We turn next to constructing all probabilities on \mathbb{R}. To do this we first need to construct at least one.

Theorem 5.5 (Lebesgue measure on [0,1]) There exists a unique probability measure P_0 on [0,1] with its Borel \sigma-algebra such that P([a,b])=b-a The measure P_0 is the distribution of the uniform random variable on [0,1] with PDF f(t)= \left\{ \begin{array}{cl} 1 & 0 \le x \le 1 \\ 0 & \text{otherwise} \end{array} \right. and CDF F(t) =\left\{ \begin{array}{cl} 0 & x\le 0 \\ x & 0 \le x \le 1 \\ 1 & x \ge 1 \end{array} \right.

Proof. Go and take Math 623….

Equipped with this we can now prove

Theorem 5.6 Any probability measure P on \mathbb{R} has the form P= P_0 \circ Q^{-1} where P_0 is the Lebesque measure on [0,1] and Q is the quantile function for F(t)=P((-\infty,t]).
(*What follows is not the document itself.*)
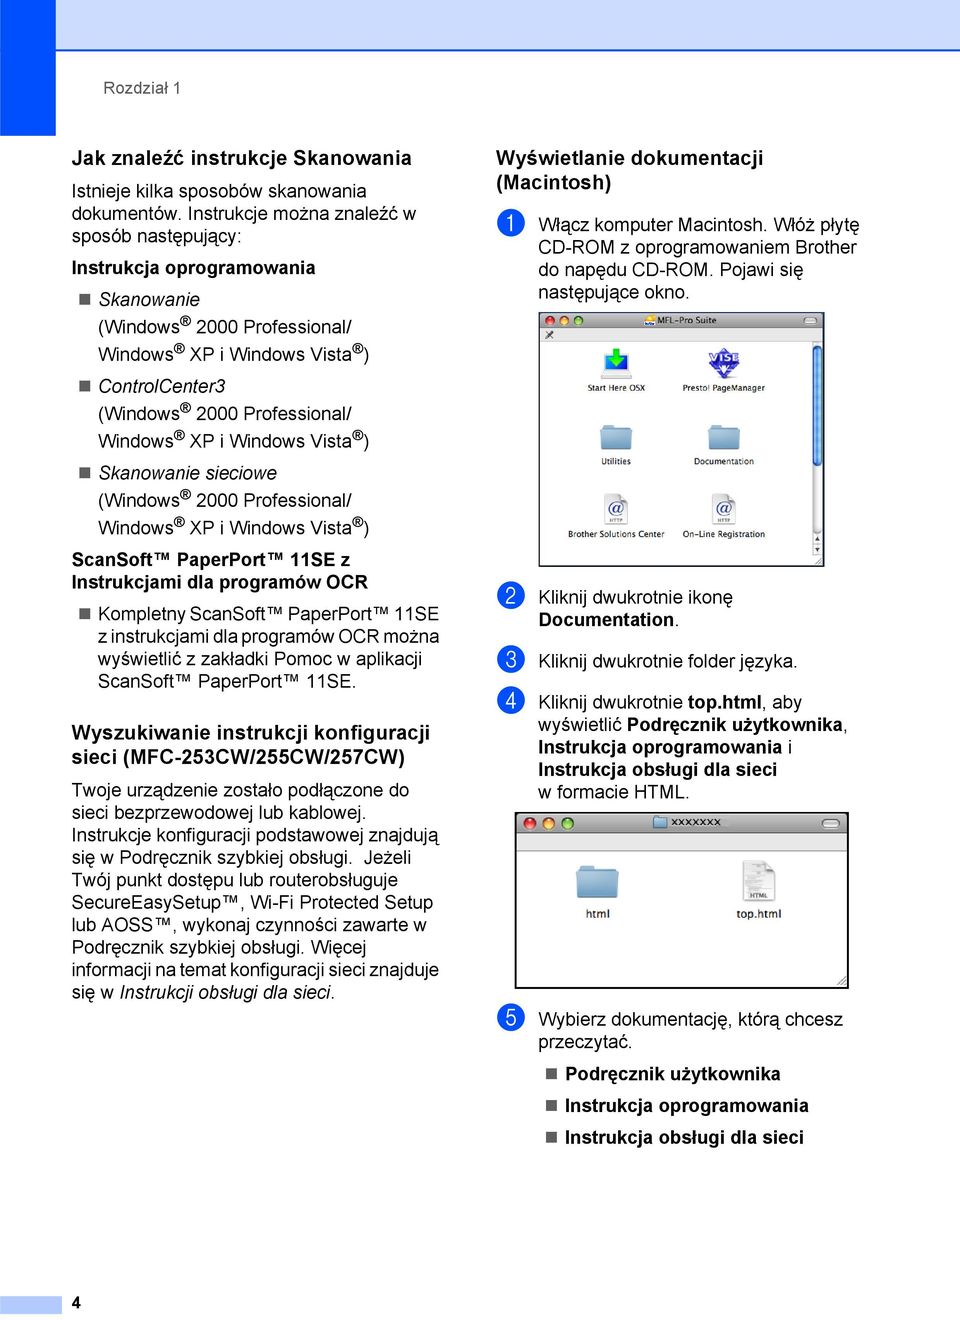 Windows Vista ) Skanowanie sieciowe (Windows 2000 Professional/ Windows XP i Windows Vista ) ScanSoft PaperPort 11SE z Instrukcjami dla programów OCR Kompletny ScanSoft PaperPort 11SE z instrukcjami

Proof. By definition of the image measure (see) Theorem 5.4), P is a probaility measure, and from the fact that P_0( [0,a])=a we get \begin{aligned} P_0 \circ Q^{-1}( (-\infty, t]) & = P_0( \{p\,:\, Q(p) \le t\} ) \\ & = P_0( \{p\,:\, p \le F(t) \}) \\ & = F(t) \end{aligned} and we are done since the CDF determines the measure P uniquely. \quad \square

Another way to interpret this result is that we have constructed a probability space for any RV with a given CDF. Namely we constructed a probability space (here (\Omega,\mathcal{A},P)=([0,1],\mathcal{B},P_0)) (here P_0) is the Lebesgue measure on [0,1] and a map X=Q (the quantile function) with Q:[0,1] \to \mathbb{R}.

5.7 Simulation

In computers are built-in random number generators which generate a uniform RV on [0,1], that a RV whose distribution is P_0.

Inverse method to generate Random Variables:

To generate a RV X with PDF F(t):

Generate a random number U. If U=u
Set X=Q(u) where Q is the quantile function for X.

Example:

If X has an exponential distribution, then F(t)= \int_0^t \lambda e^{-\lambda s} ds = 1-e^{-\lambda t} and Q(p)= -\frac{1}{\lambda} \ln(1 -p)
If X is uniform on \{1,2,\cdots,n\} then the quantile function is the function Q(p)=\lceil np\rceil. Recall \lceil x\rceil is the smallest integer equal or greater than x.
If X is a normal RV then the CDF is F(t)=\int_{-\infty}^t \frac{e^{-x^2/2}}{\sqrt{2\pi}} dx. The quantile Q=F^{-1} has no closed form, but there exists excellent numerical routine to compute it. This can be used to generate normal random variables.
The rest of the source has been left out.